After the invitations went out, some recipients responded immediately with regrets of being unable to participate due to prior commitments or current workloads. About half contacted me with intentions to submit case studies for consideration. There were a few I never heard from at all.

As the submissions began to arrive, I found that my original goals and desires for the book were being met. Work was submitted by large international firms and one-person home based studios. Clients represented included retail operations, educational facilities, service industries, products, nonprofit organizations, restaurants, government agencies and more. Projects to be considered included simple identity redesigns, website makeovers only, and full-blown rebranding efforts. My only disappointment was that, in the end, there were only submissions from six countries.

In the middle of the book process the decision was made to limited the case study number to 50 and give some of the projects greater exposure. The change actually allowed for some redesigns to be explained in much greater detail - while not eliminating a few smaller projects with which many designers, and other book readers, might be able to relate.

Projects were weeded out by myself, my editor Amy Schell and book designer Grace Ring. Some projects were chosen immediately for inclusion due to the explanation of the design process, the visual impact of the finished results and the quality of the graphic materials submitted. Other design efforts just fit well into my original hopes for the book. Some, intrigued us enough to request additional materials to support a great identity redesign. Those designers and firms who followed "the rules" in making their submission were always given serious consideration.

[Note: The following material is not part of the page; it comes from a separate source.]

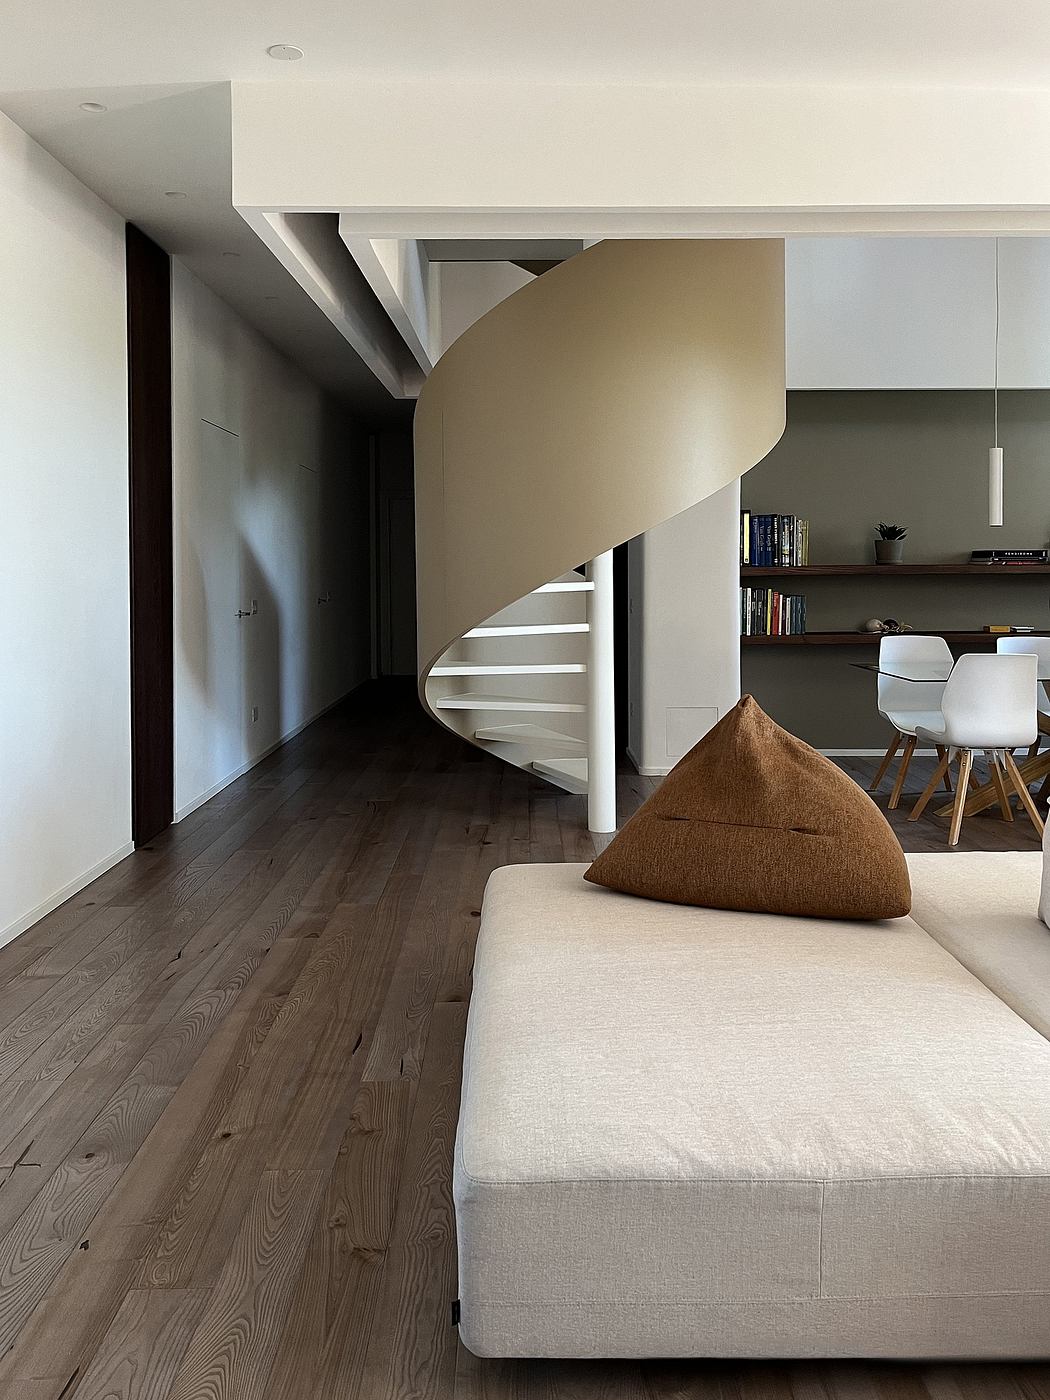 A modern, open-concept living space with a spiral staircase, built-in shelving, and minimal decor.

(I do think that following the submission guidelines, and production specifications, for any design competition or book submission request would be a great topic for a future magazine or blog article. It's amazing to me the number of firms who didn't follow "the rules." Artwork was often submitted in formats and resolutions that could not be used. The briefs of some projects were so poorly written that they made no sense. Contact and credit information was incorrect. A few contributors never responded to requests for additional text or illustrative materials. In some cases, the required permission forms weren't signed. Such things made for a very annoyed and cranky author. "Babysitting" designers is not fun - especially for another designer.)

I am very pleased with the end result - especially for a book project that was completed in just over one year. I hope those who have work included will appreciated the time and effort that went into presenting their projects in the best light. When the book is released this fall, I also hope that readers will find it a valuable resource as they tackle identity redesign projects of their own.

Illustration: Original "Identity Crisis!" invitation/specifications form.

1 comment:

Calvin Lee said...

Jeff - Thanks for sharing the process. I always wondered about it. I feel even more honored now, to be chosen as one of the many contributors.